### Data records
# # #

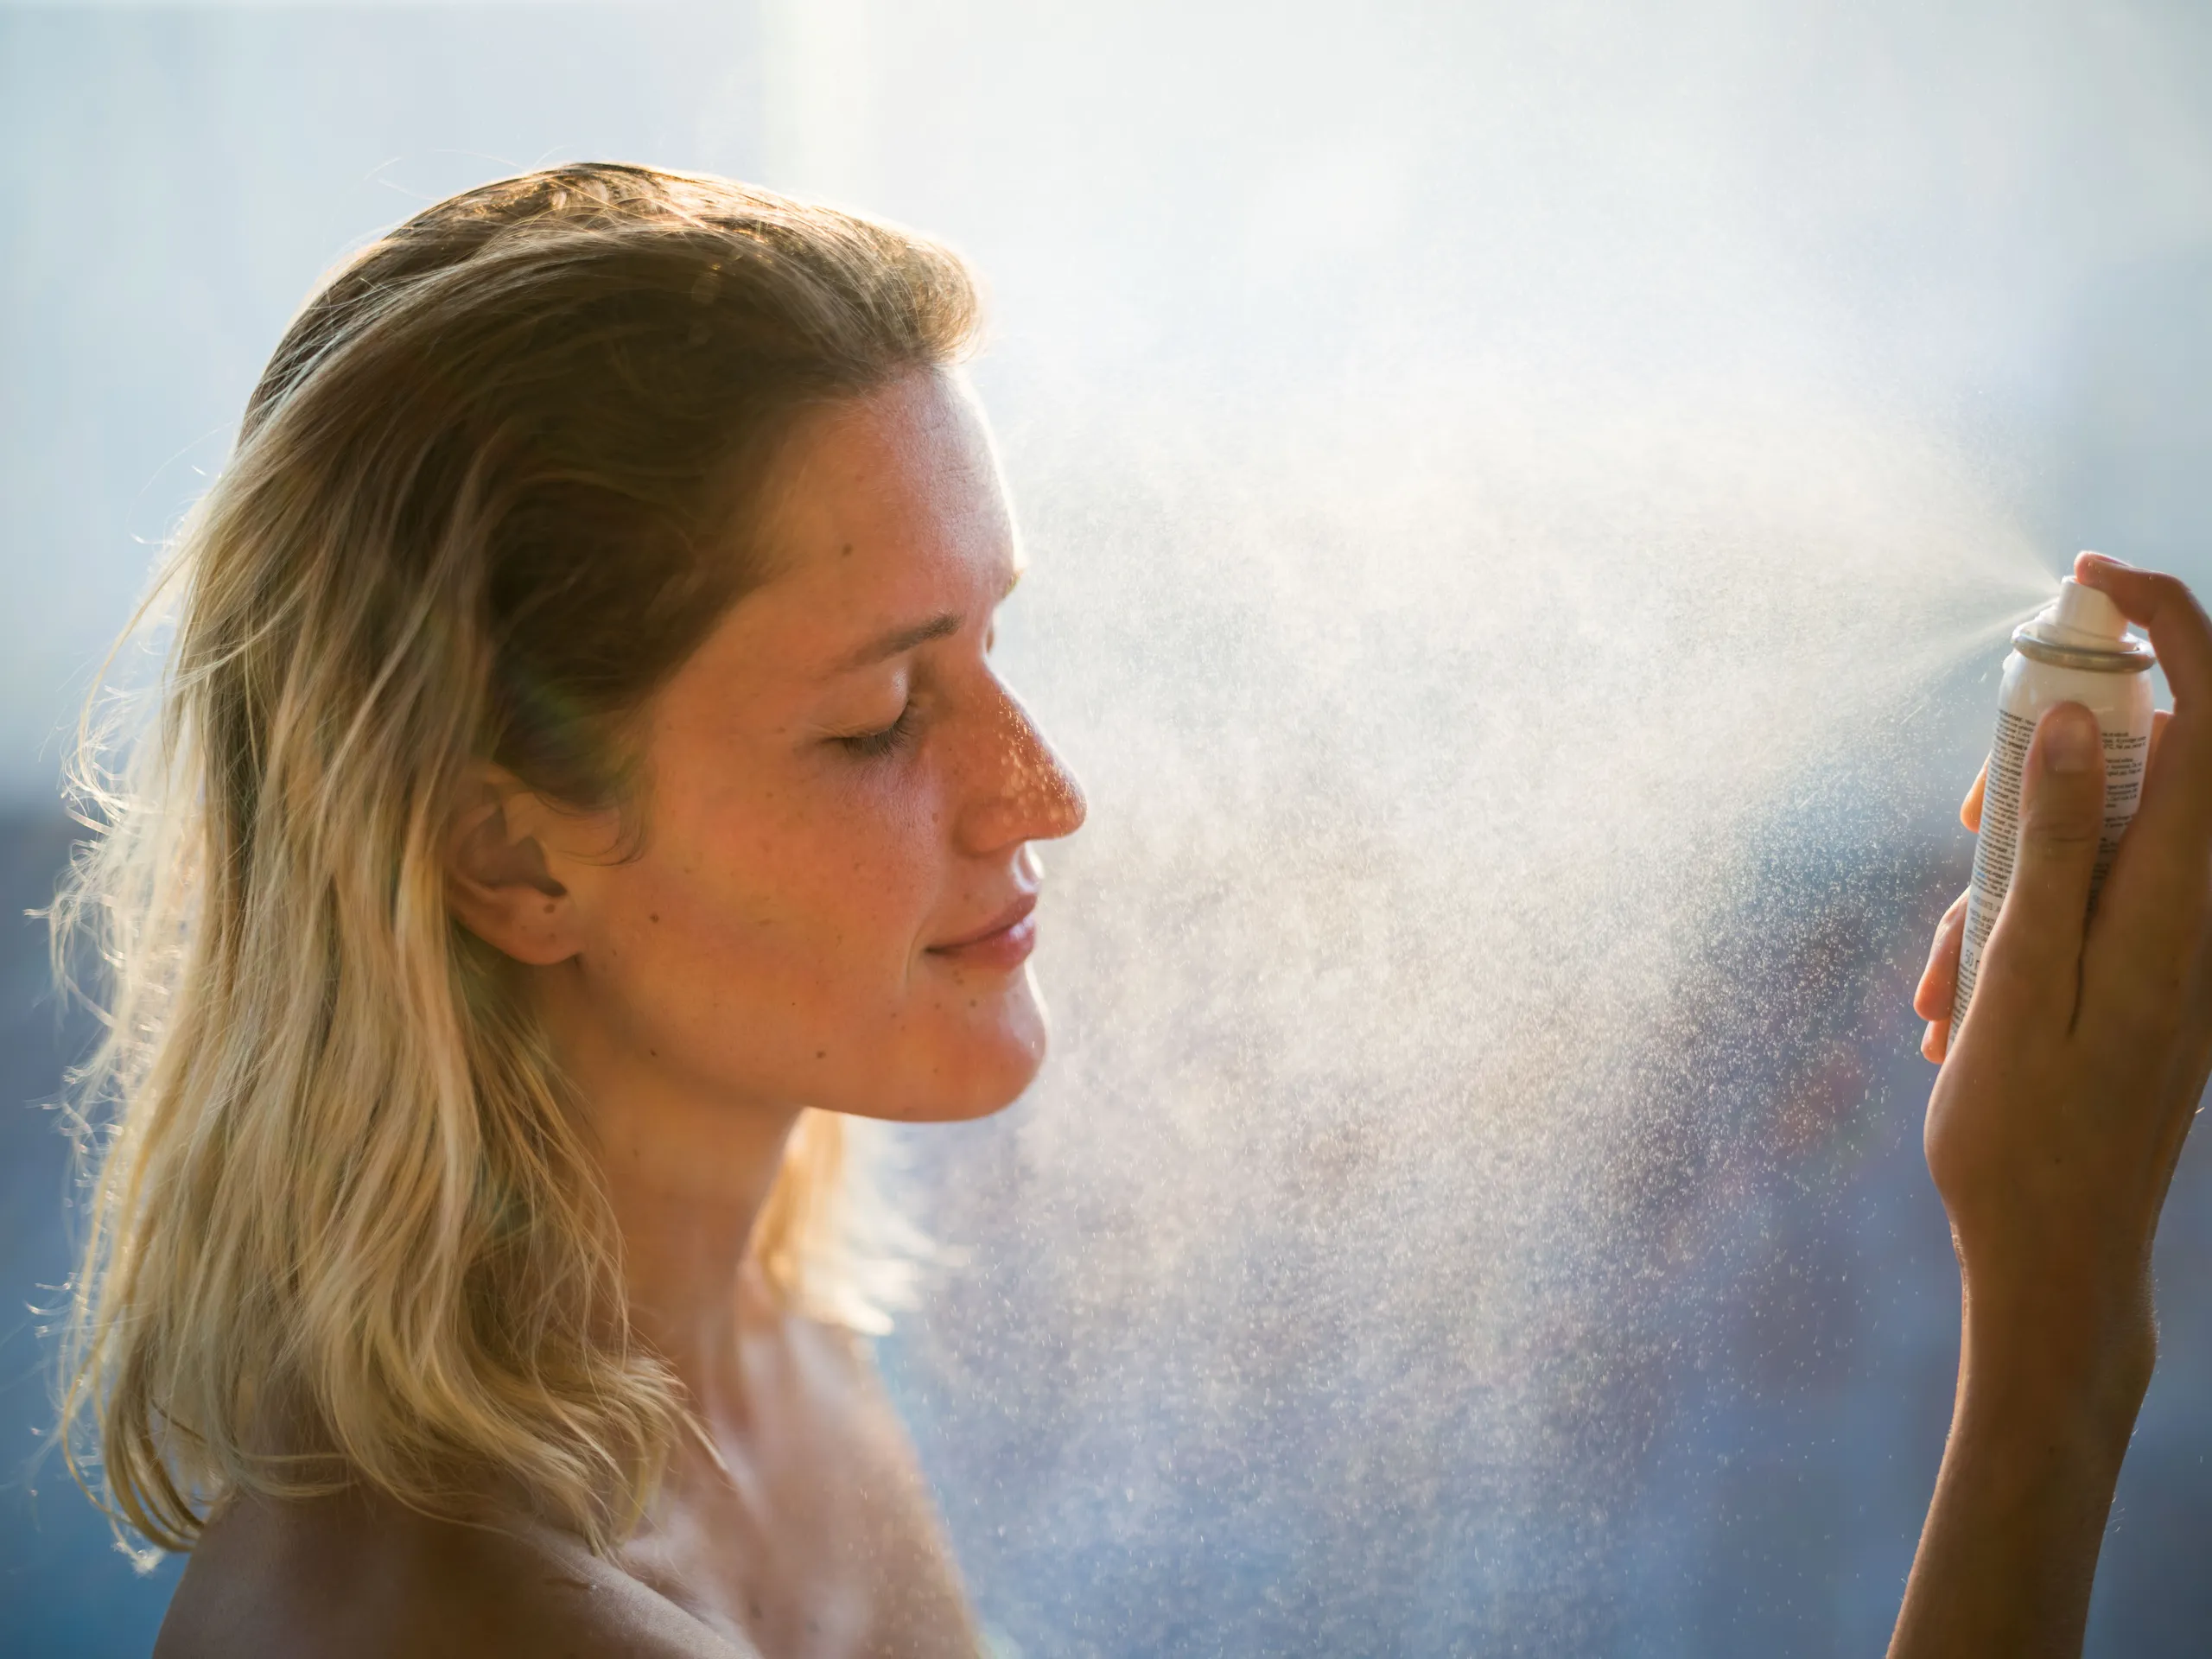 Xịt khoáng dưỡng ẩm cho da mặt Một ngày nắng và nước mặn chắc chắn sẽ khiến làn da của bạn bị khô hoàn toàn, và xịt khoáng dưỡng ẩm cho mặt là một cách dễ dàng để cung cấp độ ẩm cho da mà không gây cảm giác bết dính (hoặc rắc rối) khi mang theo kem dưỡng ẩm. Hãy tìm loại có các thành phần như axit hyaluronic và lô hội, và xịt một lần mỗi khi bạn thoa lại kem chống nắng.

# # #

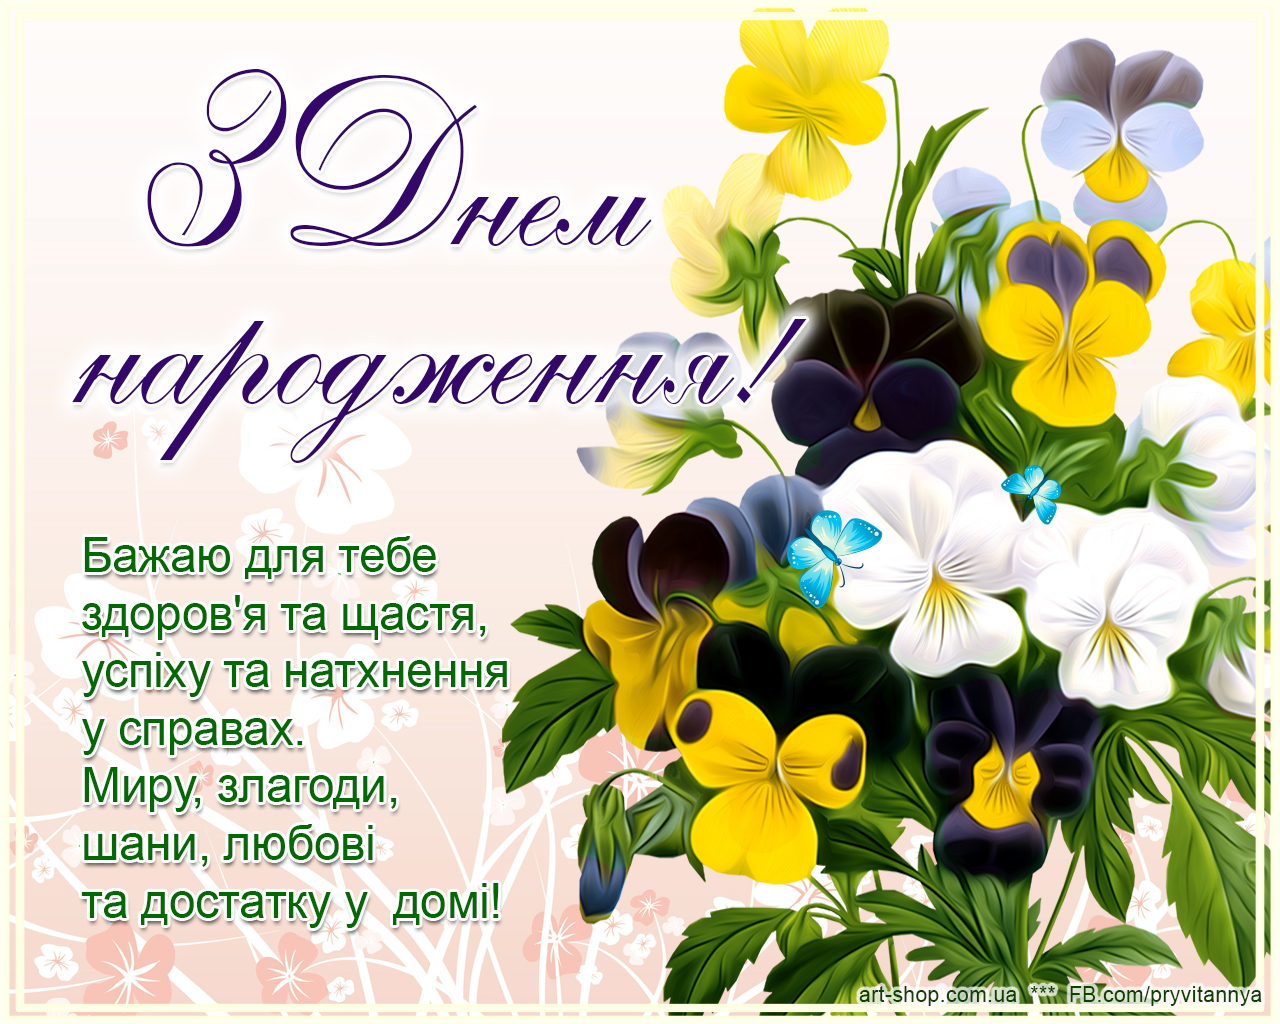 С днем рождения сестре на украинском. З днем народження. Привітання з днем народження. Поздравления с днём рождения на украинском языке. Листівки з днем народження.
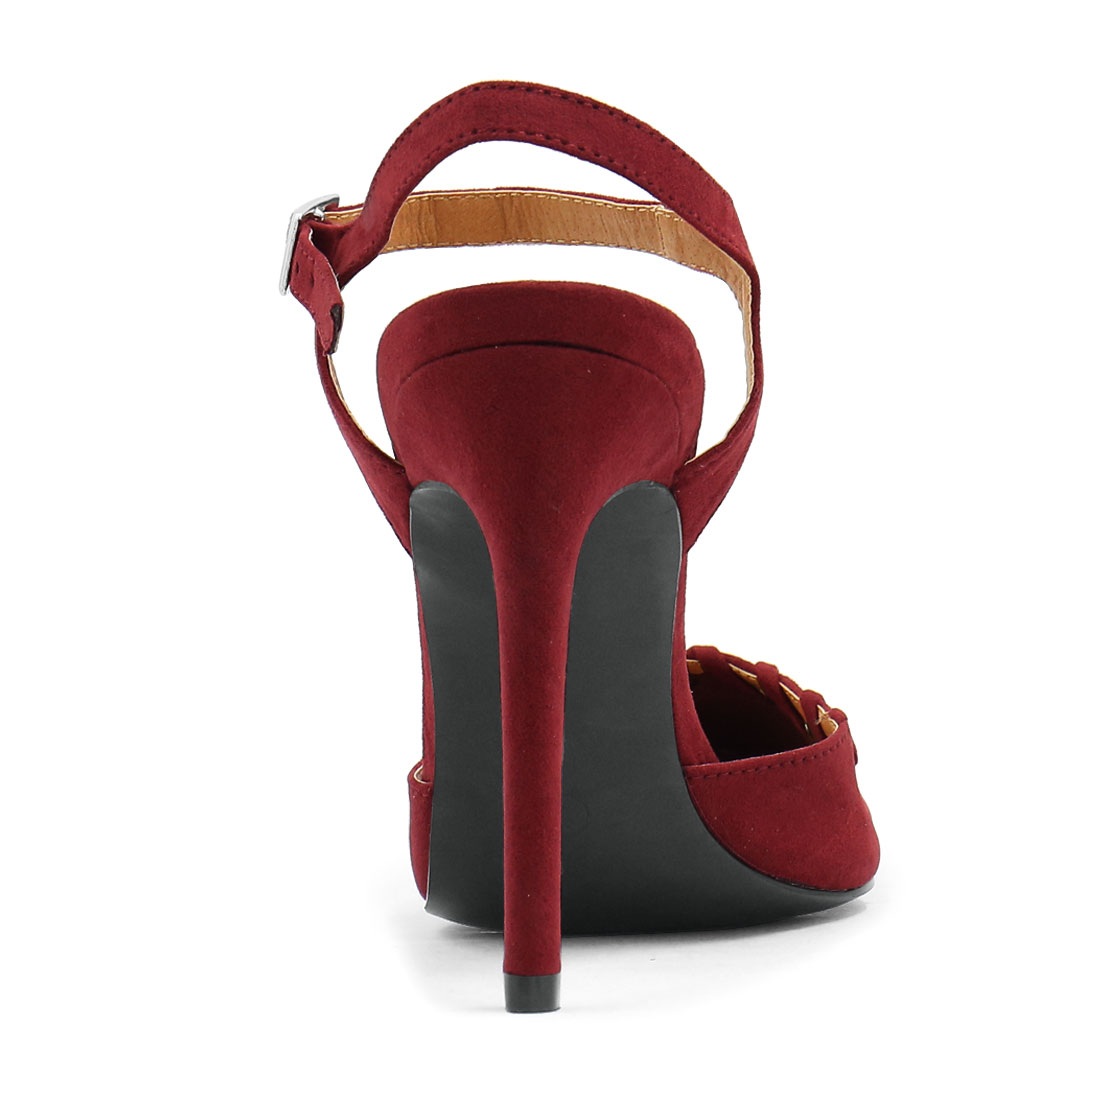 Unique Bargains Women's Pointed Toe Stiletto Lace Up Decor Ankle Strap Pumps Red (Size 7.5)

# # #

### What you have to do
Give again the stretch of lines above from the one with "С днем рождения" through the one with "Unique Bargains Women's", both ends kept, and copy no pictures.

### Result for this task
 С днем рождения сестре на украинском. З днем народження. Привітання з днем народження. Поздравления с днём рождения на украинском языке. Листівки з днем народження.
 Unique Bargains Women's Pointed Toe Stiletto Lace Up Decor Ankle Strap Pumps Red (Size 7.5)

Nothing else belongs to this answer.